**Dataset excerpt:**
----------
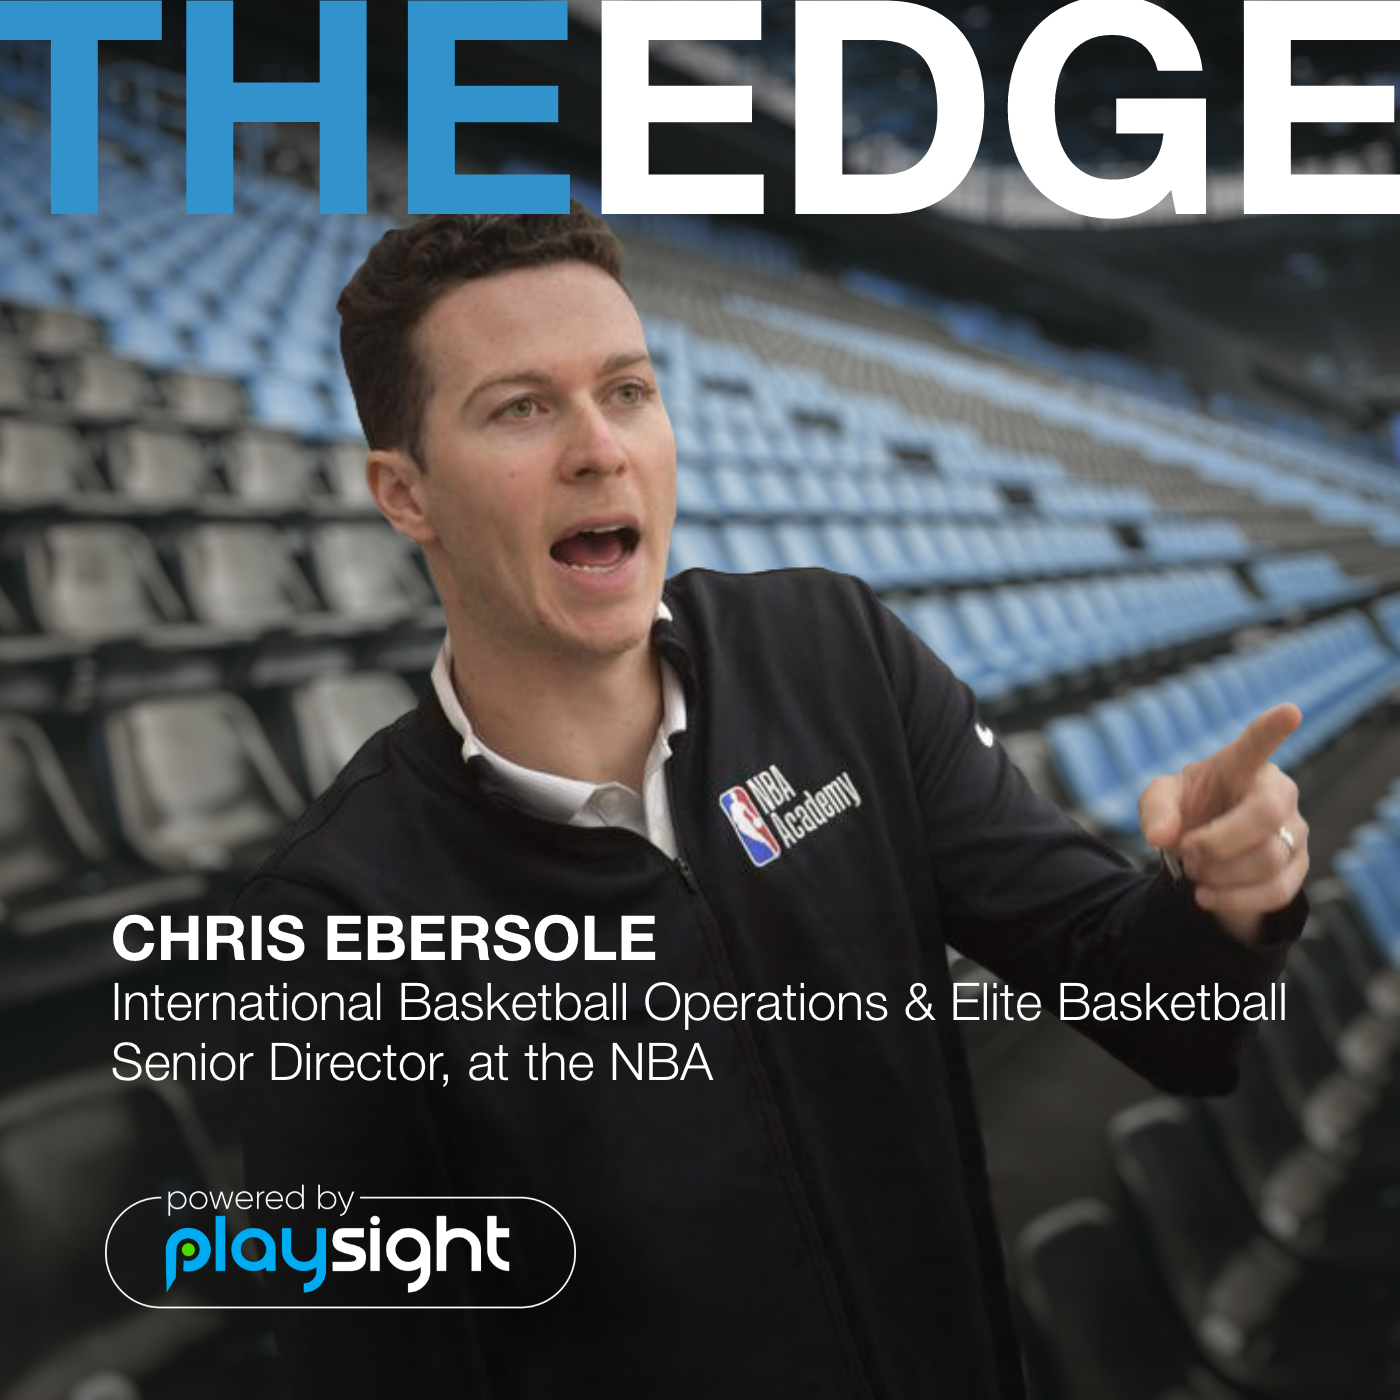 S01E09 Playsight The Edge Chris Ebersole Artwork 200709 – 2 Https://Playsight.com
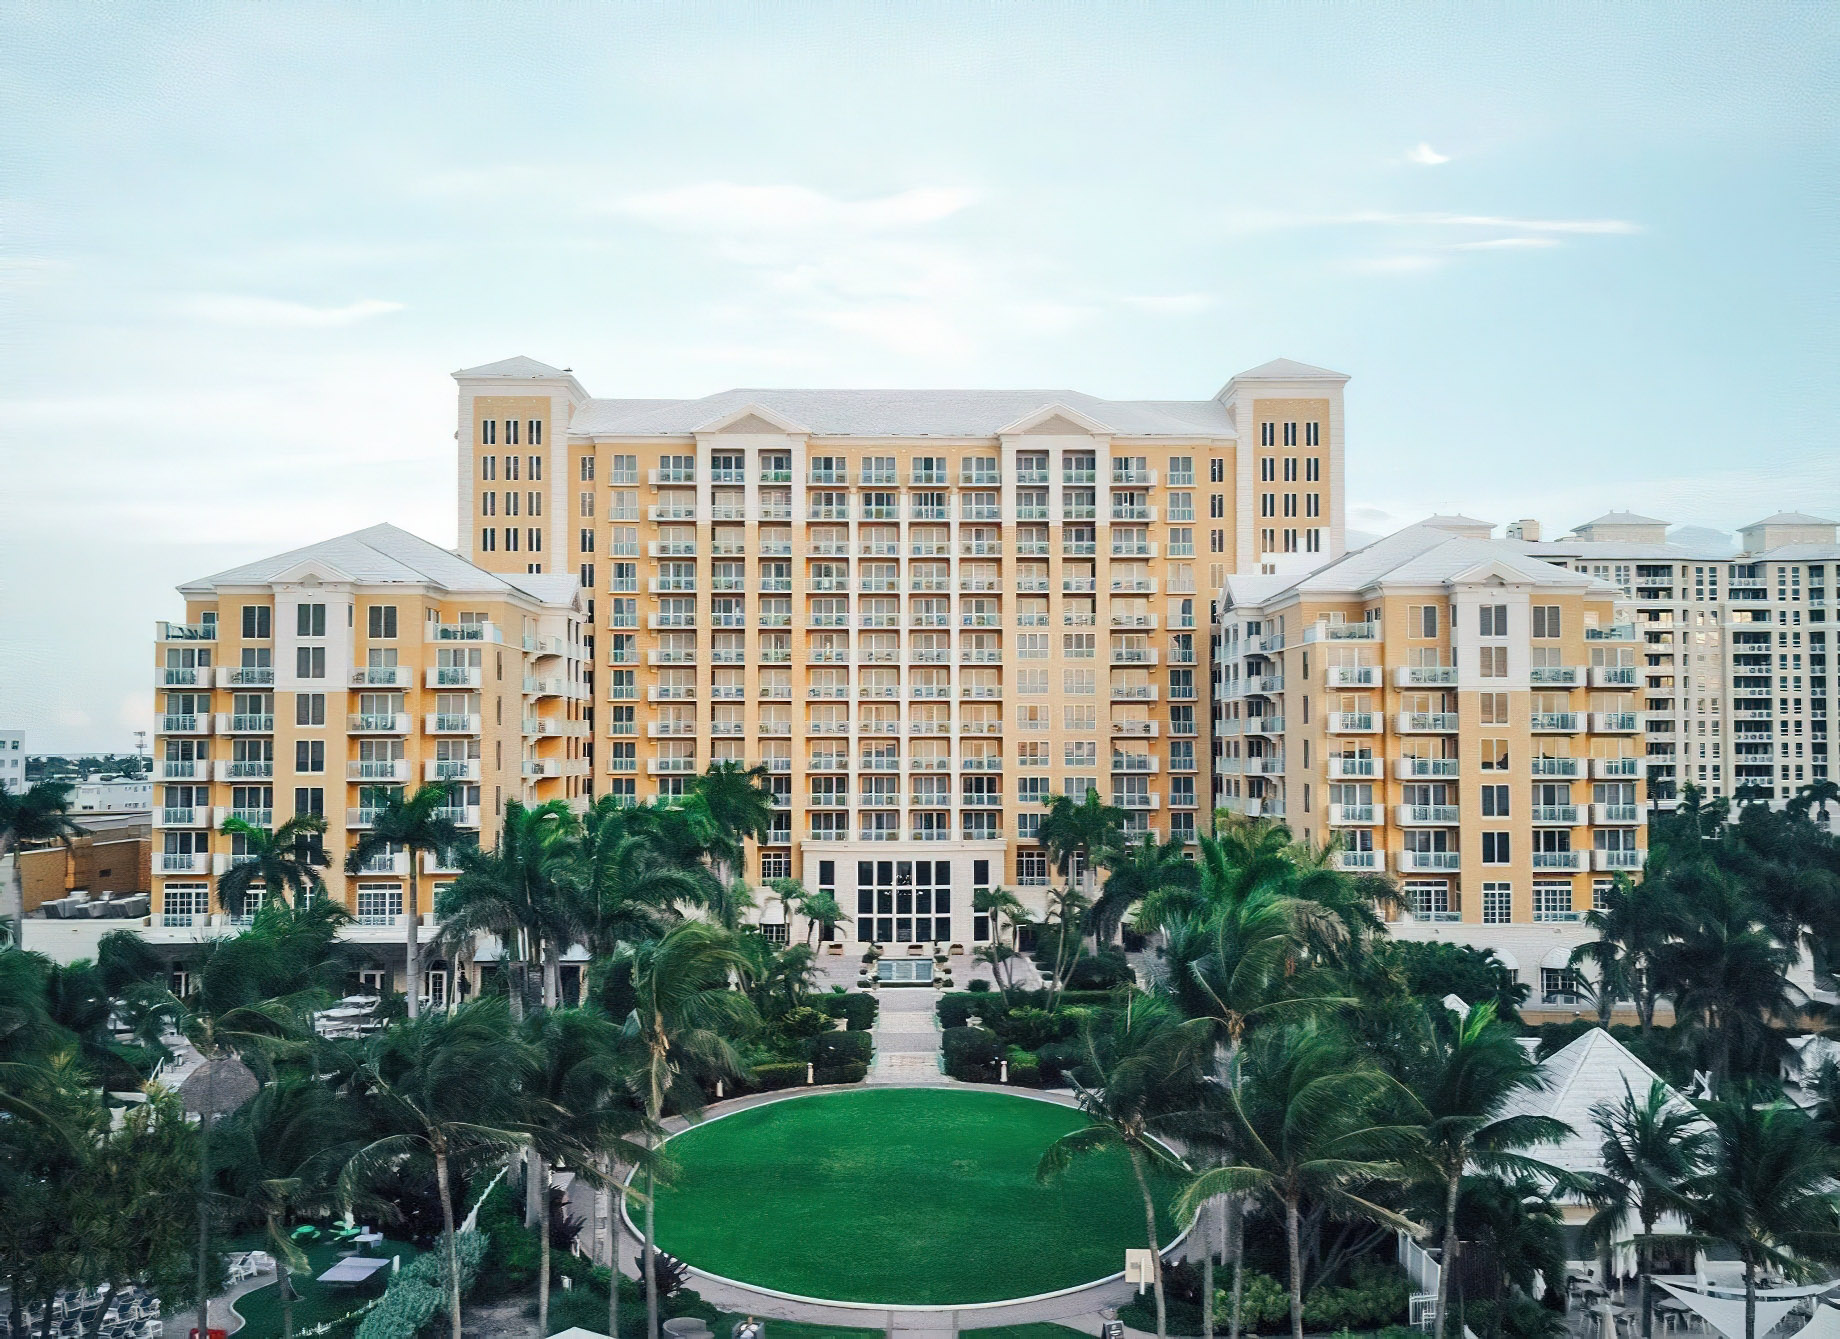 The Ritz-Carlton Key Biscayne, Miami Hotel - Miami, FL, USA - Exterior Aerial Property View
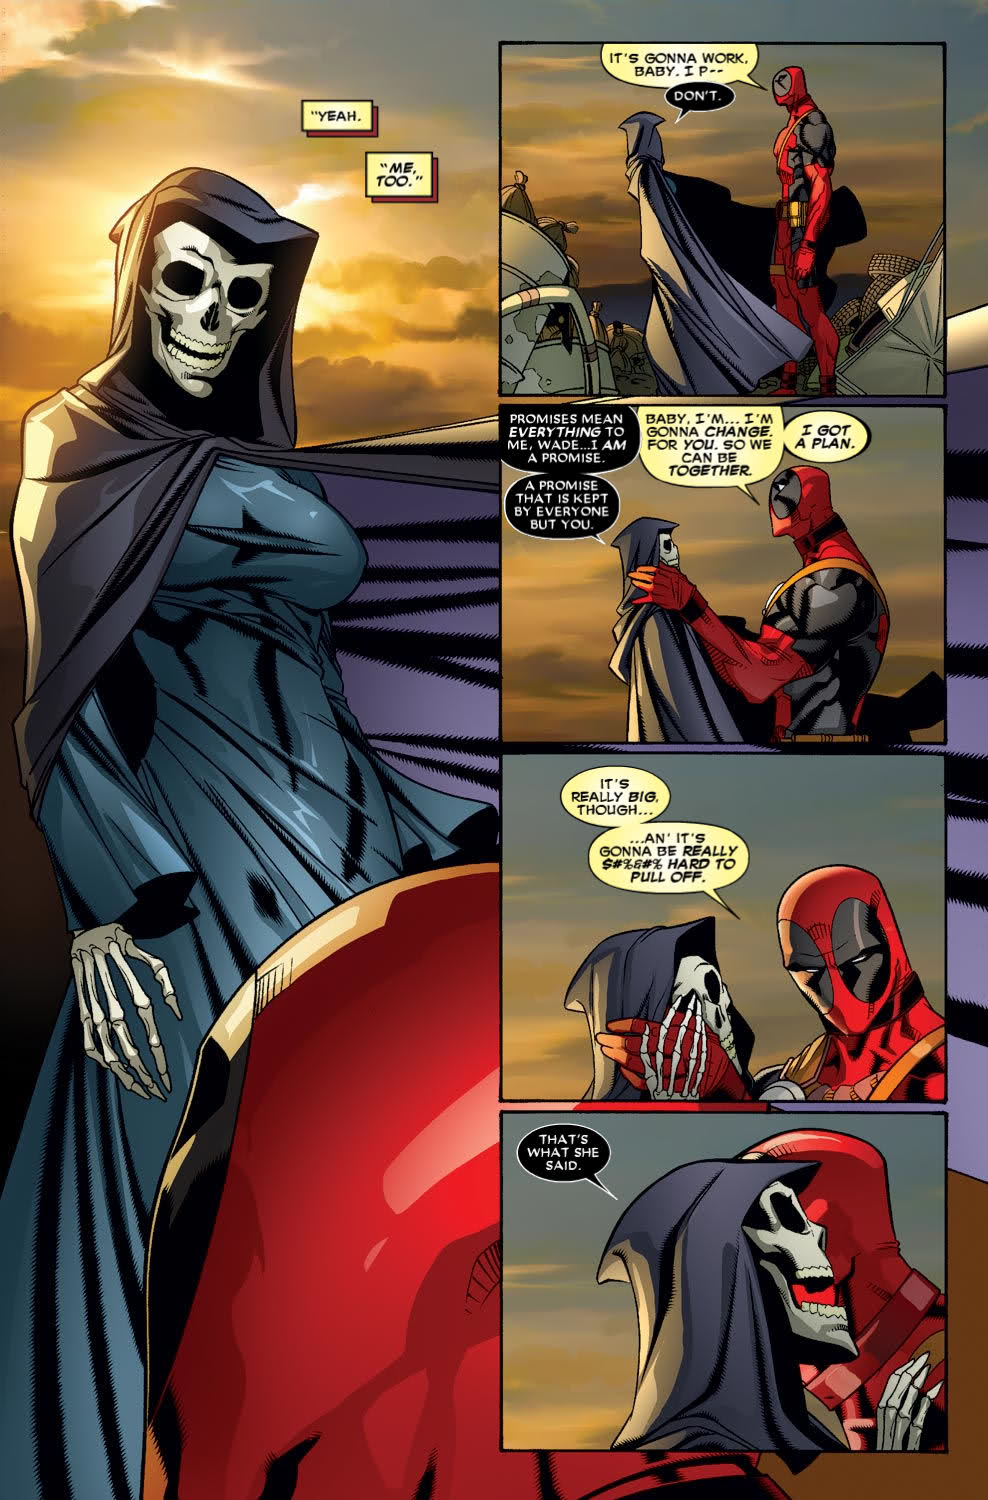 Universo Marvel 616: Doutor Estranho 3 pode estar mais perto de acontecer  do que imaginamos?
----------
**To do:**
Only the text of the listing above is wanted, transcribed exactly, without its images.

**Answer box:**
 S01E09 Playsight The Edge Chris Ebersole Artwork 200709 – 2 Https://Playsight.com
 The Ritz-Carlton Key Biscayne, Miami Hotel - Miami, FL, USA - Exterior Aerial Property View
 Universo Marvel 616: Doutor Estranho 3 pode estar mais perto de acontecer  do que imaginamos?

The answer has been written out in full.